上位2台のペースについて行けないラッセルは、5周目には早くもノリスに6秒近い差をつけられていた。1〜2秒の間隔でサインツを追うノリス。しかし早くもグリップ不足を訴え始めた。
ノリス:リヤタイヤが厳しい!
一方9番手のエステバン・オコン(アルピーヌ)は、ラッセルを先頭とするDRSトレインの真っ只中にいたものの、先行車の乱流をさほど気にしてないようだった。
ジョシュ・ペケット:前の5台はラッセルに捕まっている。タイヤはどうだ?
オコン:問題ないよ
序盤7周目前後、サインツの担当エンジニア、アダミが指示を出した。
アダミ:プランA+3で行く
ピットインのタイミングを3周遅らせようということか。しかしこの頃からサインツはグレイニング(ささくれ摩耗)に苦しみ、ノリスとの差はあっという間に1秒以内に縮まってしまった。
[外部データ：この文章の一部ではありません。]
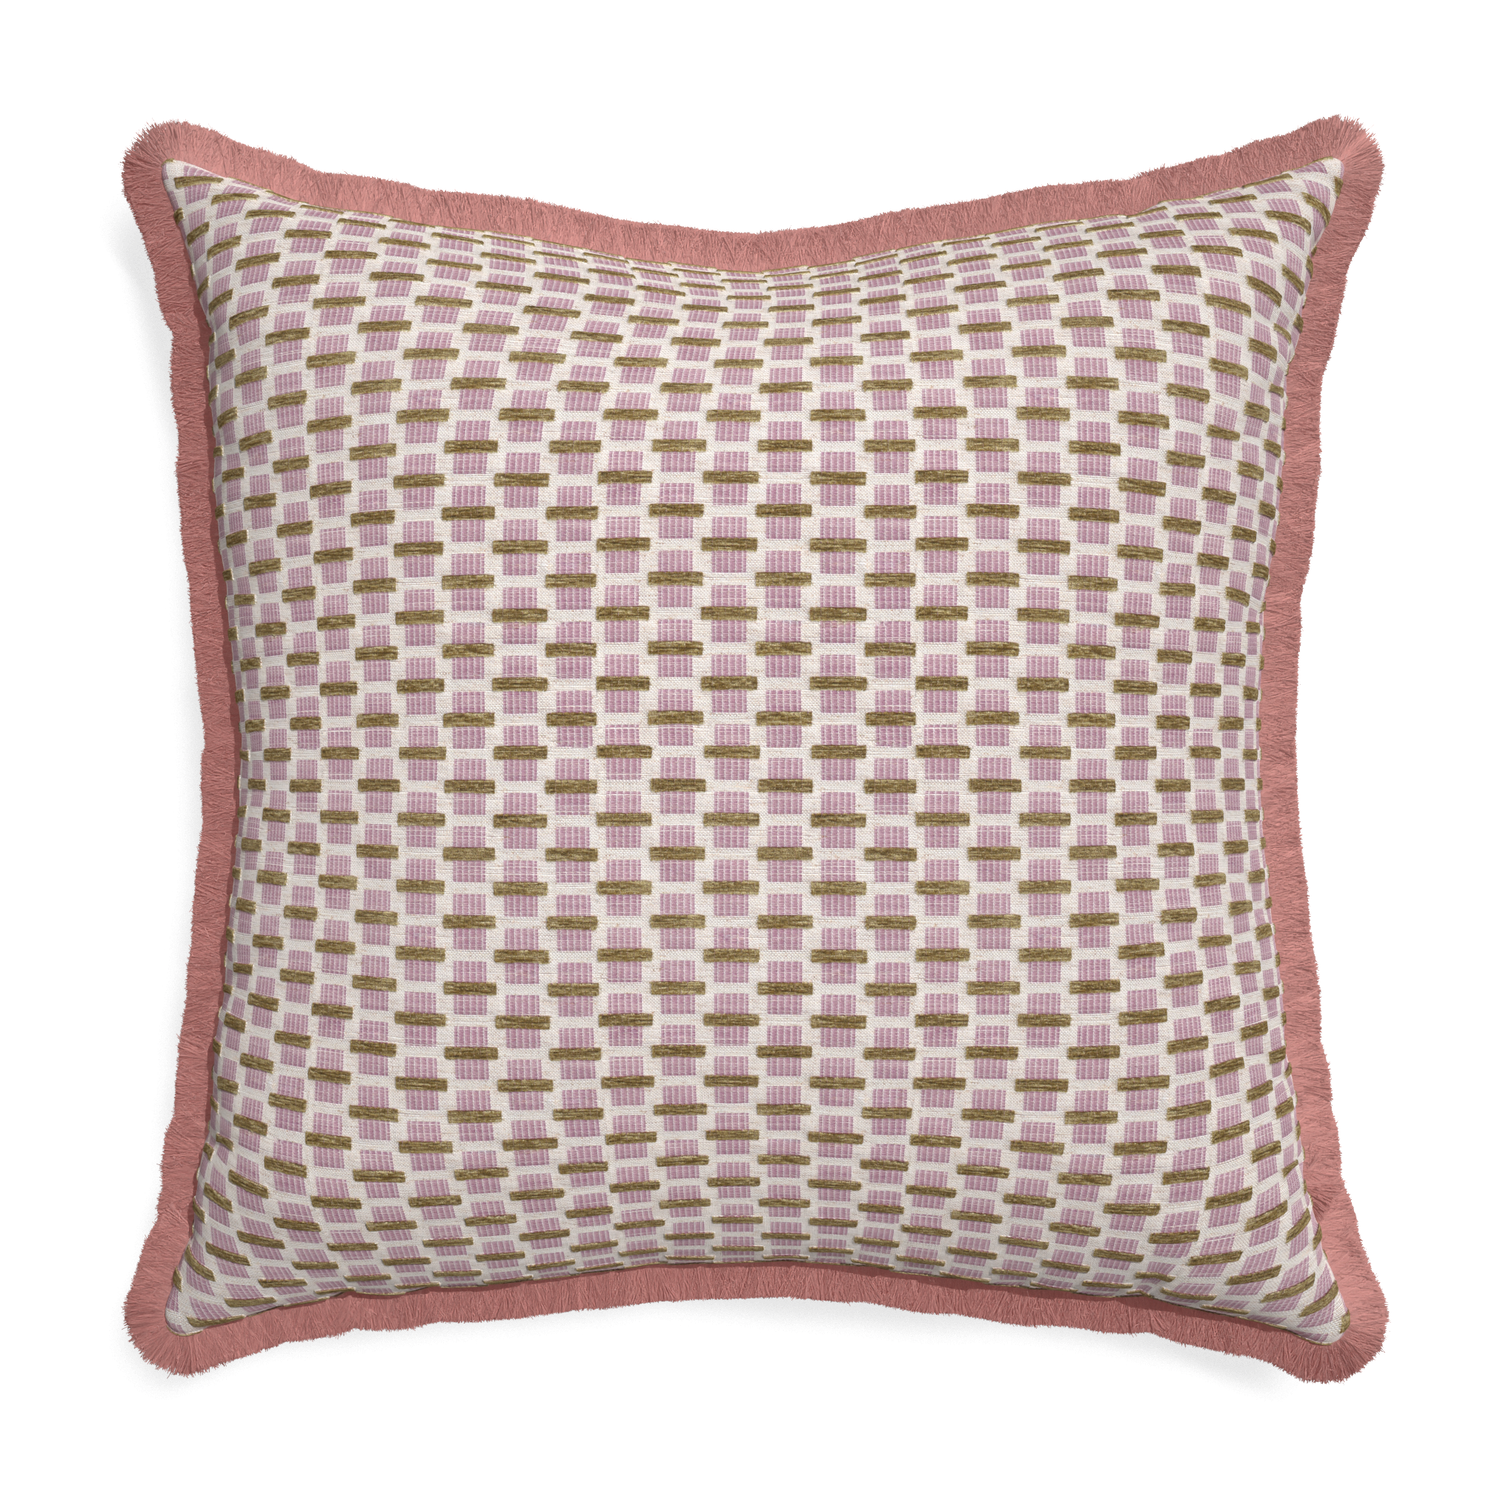 Euro-sham willow orchid custom pink geometric chenillepillow with d fringe on white background

トム・スタラード(→リカルド):ダニエル、プランBに変えるかもしれない
リカルドの担当エンジニア、スタラードのいう「プランB」とは、2ストップを指すのか。彼らも予想以上にタイヤが保たないことに気づき始めたようだった。それは、ハミルトンも同様だった。
ハミルトン:左フロントにグレイニングができている
11番手まで上がっていたフェルスタッペンがシャルル・ルクレール(フェラーリ)に仕掛けるが、ルクレールに進路を塞がれる。中継映像ではぎりぎり接触していないように見えたが、フェルスタッペンはウイングを踏まれたと感じたようだ。
フェルスタッペン:フロントウイングは大丈夫か? チェックしてくれ!
ランビアーゼ:わかった
幸いダメージはなかったようで、すぐにルクレールをかわしたフェルスタッペンはセバスチャン・ベッテル(アストンマーティン)も抜き去って、15周目には6番手まで順位を上げた。ハミルトンは、わずか3台前。完全に射程距離圏内だ。
10周目前後、首位サインツを追うノリスが、「左フロントが完全に終わっちゃった」と訴える。前日の雨で路面のラバーが完全に流れたことで、タイヤの保ちは予想以上に悪くなっているようだった。
13周目に3番手ラッセル、そして14周目に首位サインツもピットに向かった。しかしノリスは踏ん張った。2回ストップを示唆していたリカルドもステイアウトしたことで、前戦イタリアGPに続いてマクラーレンが再び1-2体制を構築した。
その後のノリスは、序盤にあれだけ苦しんだことがウソのように、ペースが上がっていった。